The group of bacteria called plant growth promoting rhizobacteria (PGPR) includes the genus Rhizobium. Investigations have pointed its study as the growth promoter in legume and non-legume pants (^{Piñerúa et al., 2013}). On the other hand, studies by ^{Santillana et al. (2005}) reported that strains of Rhizobium stimulate the germination of tomato seeds and promote their growth. Nowadays, sustainable agriculture suggests improving the efficiency of nitrogen fixation using legume plants and competitive rhizobia, which can be used in bioremediation and phytoremediation, thus extending the advantages of symbiosis to other crops (^{Piñerúa et al., 2013}). In this study, the strain of Methylobacterium was isolated from the plant tissue of tomato seedlings established under in vitro conditions without growth regulators; there are no reports of this genus under in vitro conditions in tomato plants. Diverse studies have reported that they are able to produce phytohormones that stimulate plant growth, favoring nitrogen fixation and protecting the plant against pathogens (^{Pérez-Montaño et al., 2014}). Another group of important bacteria isolated from the plant tissue of tomato is composed of S. herbicidovorans and A. xylosoxidans.

There are currently few investigations reported in regard to S. herbicidovorans, which is widely used against broad-leaf weeds in agriculture, grasses, lawn and industries (^{Müller et al., 2004}). Studies focusing on the evaluation of the antifungal activity of A. xylosoxidans against isolations of F. oxysporum and F. solani reported positive effects, reducing the mycelial growth of the pathogens by up to 80% in comparison with the control, suggesting a potential use as a biocontrol agent (^{Dhaouadi et al., 2018}). The inoculation of A. xylosoxidans F3B in Arabidopsis thaliana has been reported to stimulate a significant increase in root length and fresh weight, considering said bacteria as endophytic (^{Ying-Ning et al., 2009}).

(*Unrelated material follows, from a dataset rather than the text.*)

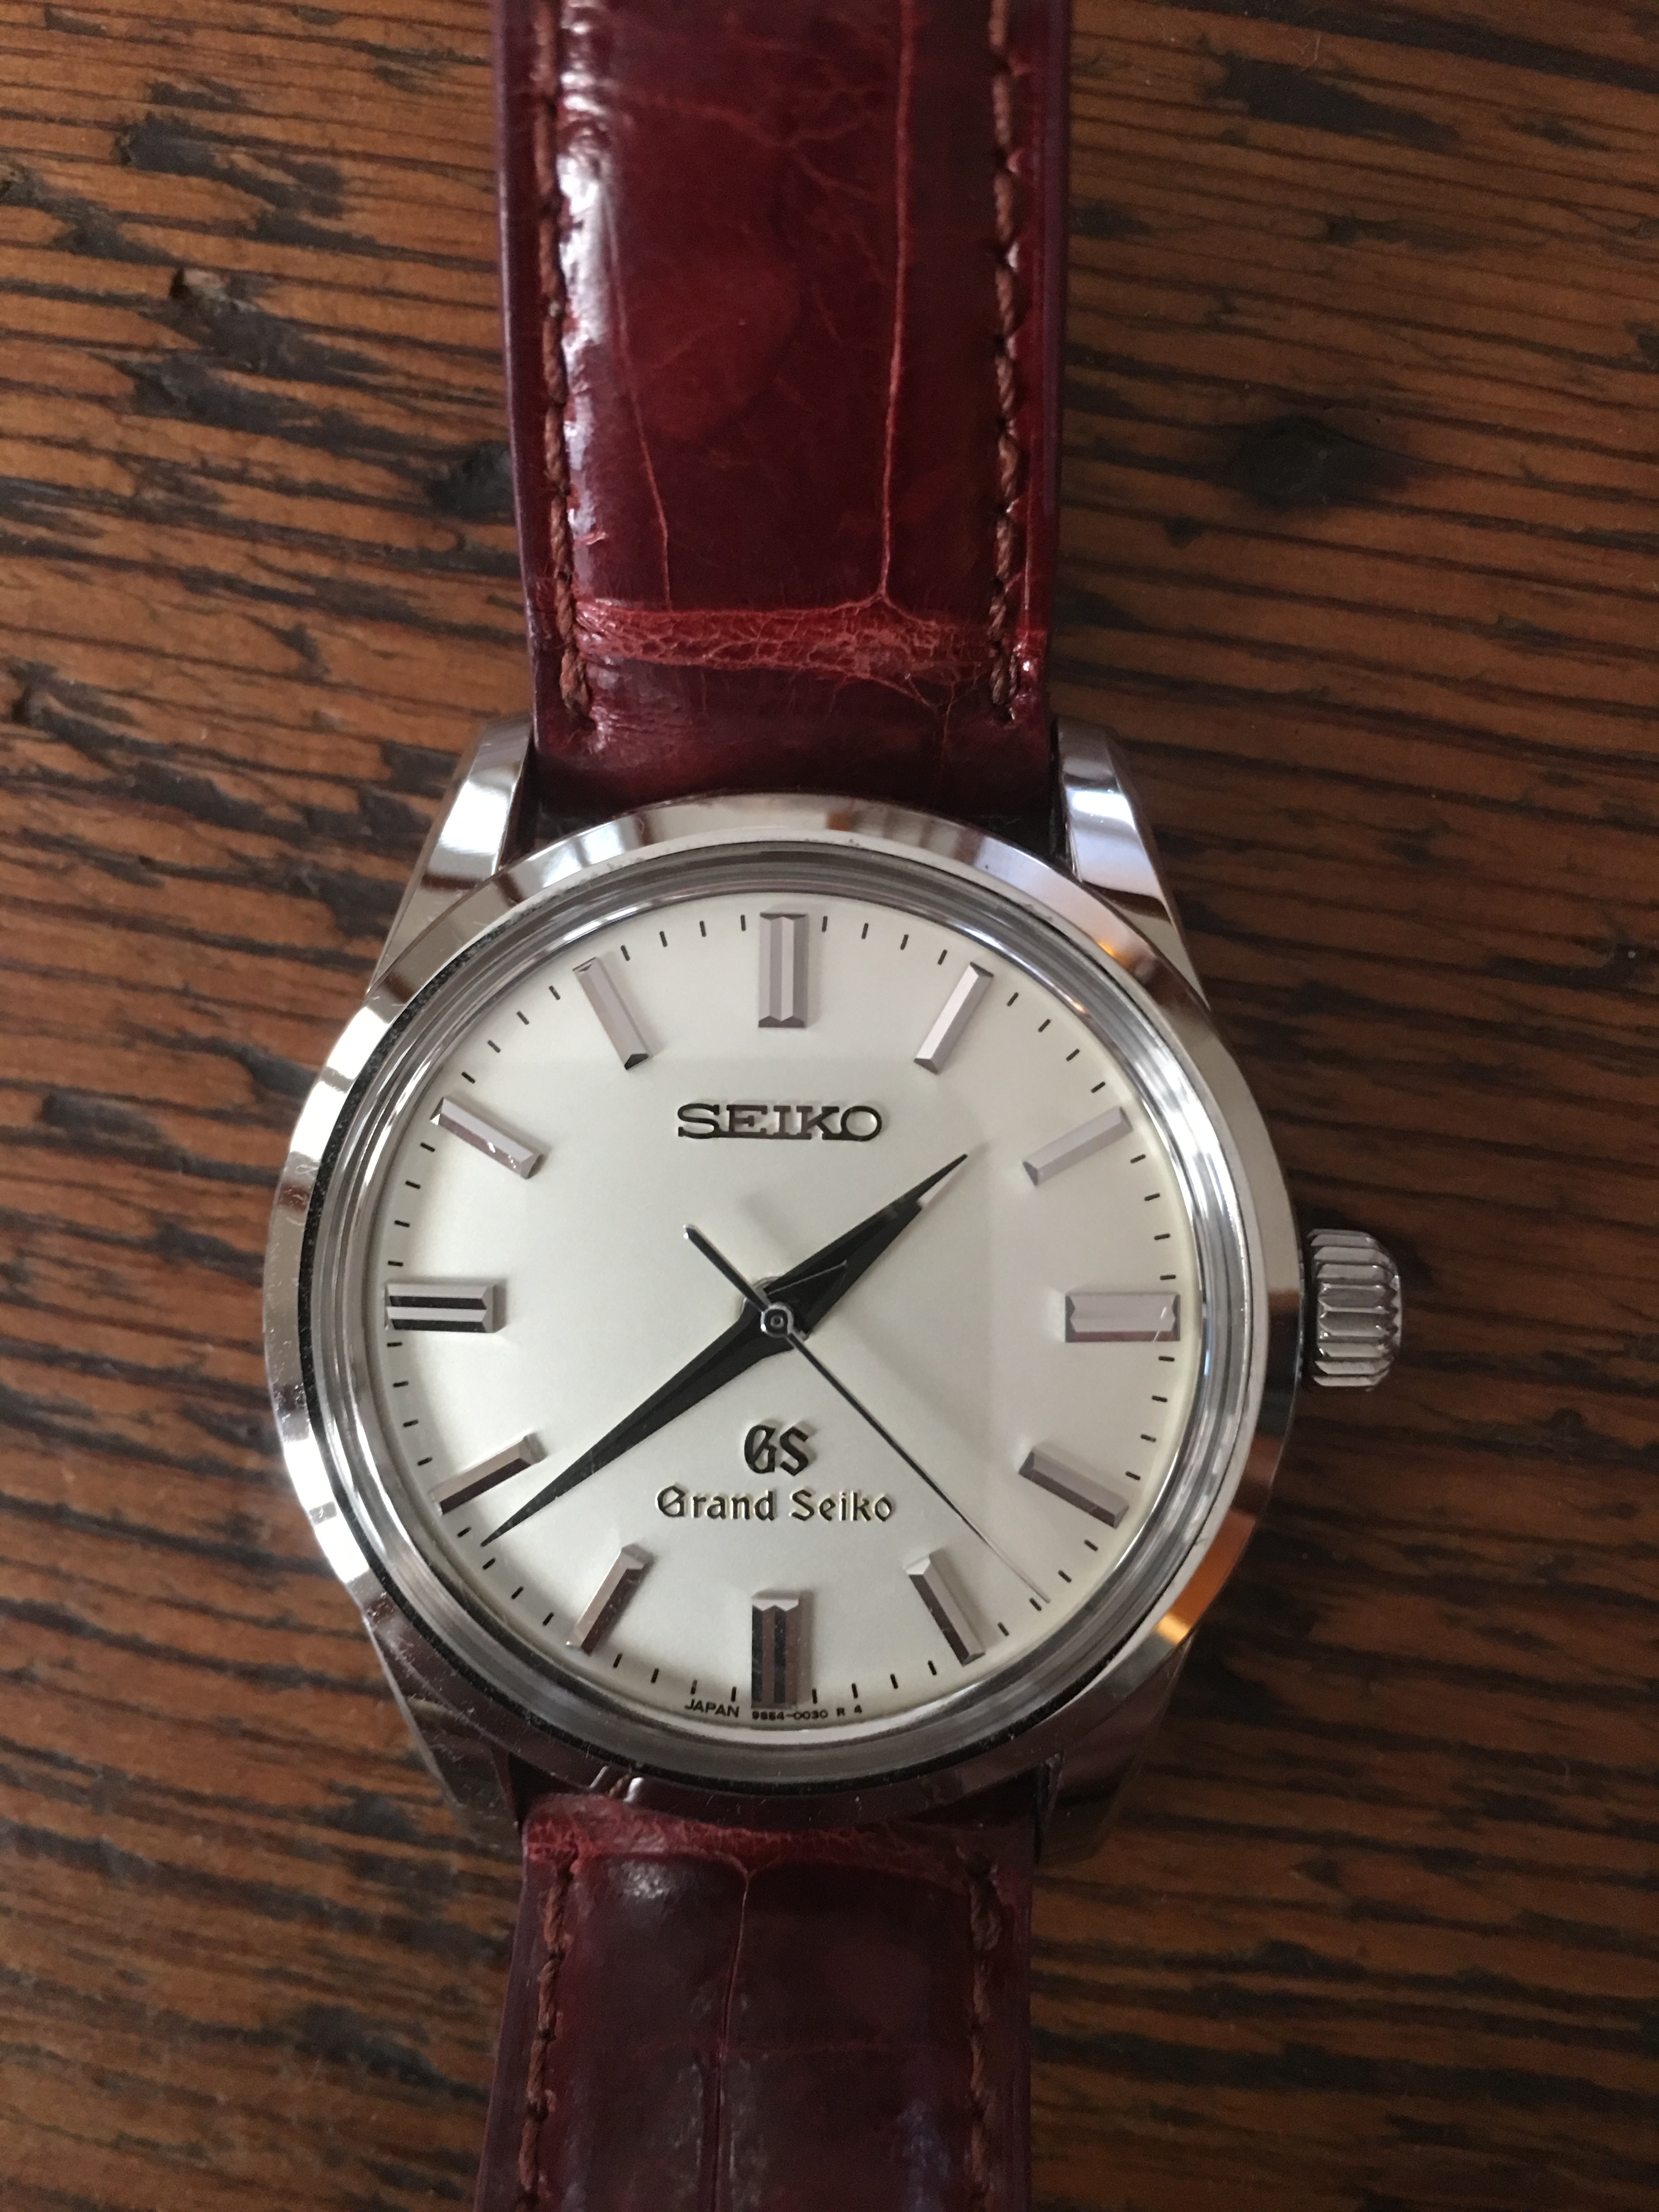 SOLD - Reduced Grand Seiko SBGW001 Manual Wind | Omega Forums

In the evaluation of activities related with the promotion of plant growth, the strains Pseudomonas, Burkholderia and Rhizobium were observed to display a high phosphate solubilizing ability, in comparison with the control (B25) Bacillus cereus (Table 2). In the production of siderophores, the isolation with the greatest production in comparison with the control was Pseudomonas sp. (Table 2). This characteristic relates rhizobacteria with the increase in iron available in the soil, allowing its absorption by the plant to constitute a growth-promoting mechanism (^{Gouda et al., 2018}). Although finding quantitative evaluations of the synthesis of siderophores by the genus Pseudomonas is infrequent, there have been reports of the production of several siderophores with a strong affinity for Mo, V, Cu and Zn (^{Harrington et al., 2012}). On the other hand, endophytic bacteria can be used as biocontrol agents with the production of enzymes such as hydrolases and chitinases, considered as plant defense enzymes against the infection from pathogens (^{Perez et al., 2013}). In this investigation, the strain with the highest chitinase activity was Burkholderia cepacia (Table 2).

The endophytic bacterial species associated with tomato crop were Methylobacterium radiotolerans (in vitro), Shinella sp. and Achromobacter xylosoxidans (foliar tissue), Burkholderia cepacia, Pseudomonas sp., Sphingobium herbicidovorans and Rhizobium radiobacter (root). In general terms, under the conditions evaluated in this investigation, approximately 86% of the isolated strains were observed to have the ability to produce plant-growth promoting substances, and according to this, these results show the possible beneficial effect of the bacterial endophytes in tomato plants. This lays the foundations for future field studies to determine the effect of these strains on the production and quality of tomato fruits.